An absolutely terrible and painful method is crushing the hygroma. In this case, the liquid is forced into the joint cavity, or the membrane of the hygroma ruptures and the contents pour into the tissue. Over time, at best, everything returns to normal. At worst, an inflammatory reaction may develop in the area of ​​the injured hygroma, leading to suppuration. After crushing, sooner or later the membrane heals, restores its tightness, and the hygroma appears again.

They try to puncture the hygromas - suck out the contents with a syringe and inject various substances into it. In this case, the cavity collapses for a while, but the shell itself does not disappear anywhere, and the liquid sooner or later accumulates again.

The most effective surgical treatment of hygroma involves complete excision of the ganglion.

Radical surgery is the main guarantee of the absence of relapse.

The operation is performed under local anesthesia, lasts 20-30 minutes, the sutures are removed 7-10 days after the operation. For large sizes and complex localization, the operation is performed under anesthesia.

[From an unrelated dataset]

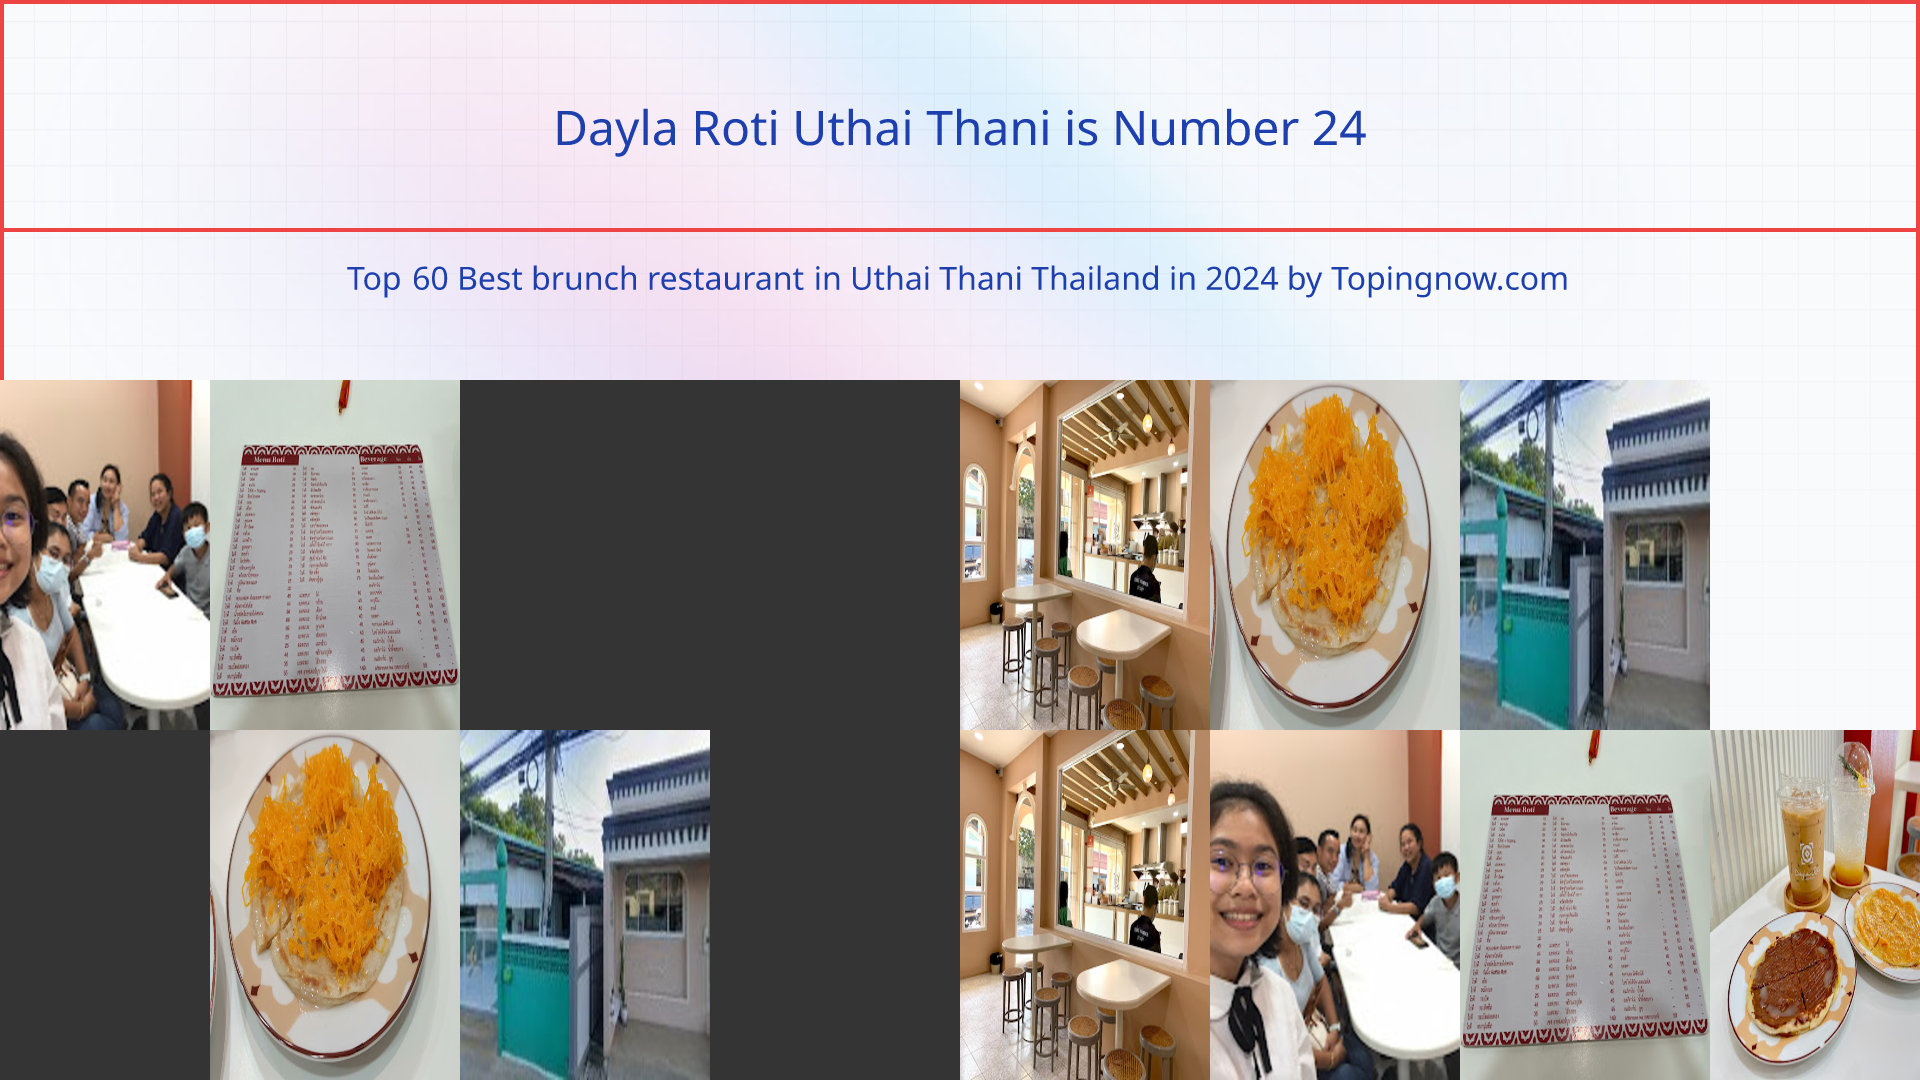 Dayla Roti Uthai Thani: Top 60 Best brunch restaurant in Uthai Thani Thailand in 2024

What happens if unqualified specialists undertake the operation?

Only the upper, most accessible part of the formation is isolated, which is removed after evacuation of the fluid that filled the hygroma. Most of the shell remains deep in the tissue. The first 2-3 months after the operation create the appearance of a favorable outcome of the treatment, but as the remaining part scars, the tightness of the hygroma is restored, and fluid begins to accumulate in it again.

In fact, instead of a good, beautiful operation, only the appearance of intervention is created.

Therefore, beware if you are told that the operation is “nonsense, for 5 minutes.” It takes much more time to thoroughly isolate the hygroma. The operation is very delicate and painstaking. If the hygroma is not completely isolated from the surrounding tissues to the very point where its pedicle communicates with the joint, the risk of relapse increases many times over.

Guaranteed treatment effectiveness is achieved with modern equipment and more than 15 years of experience of a highly qualified surgeon.

Wart removal

Warts are most often benign neoplasms that occur in most people, regardless of their age. In most cases, warts occur against a background of reduced immunity and are caused by various human papilloma viruses. The cause of the appearance of warts can be psychological trauma, stress, and vegetative neuroses. Often, warts develop in areas where there has been minor damage to the skin, such as cracks or cuts. Since warts most often appear on the face, hands and neck, they bring psychological discomfort to a person. Most often, neoplasms do not cause pain, with the exception of warts located under the nails or on the surface of the foot.

Technique of the procedure

Laser removal. Laser therapy is considered the most effective way to combat such tumors. After laser removal, there are no scars left on the skin, and the procedure is absolutely painless, so it is recommended even for patients with a low pain threshold.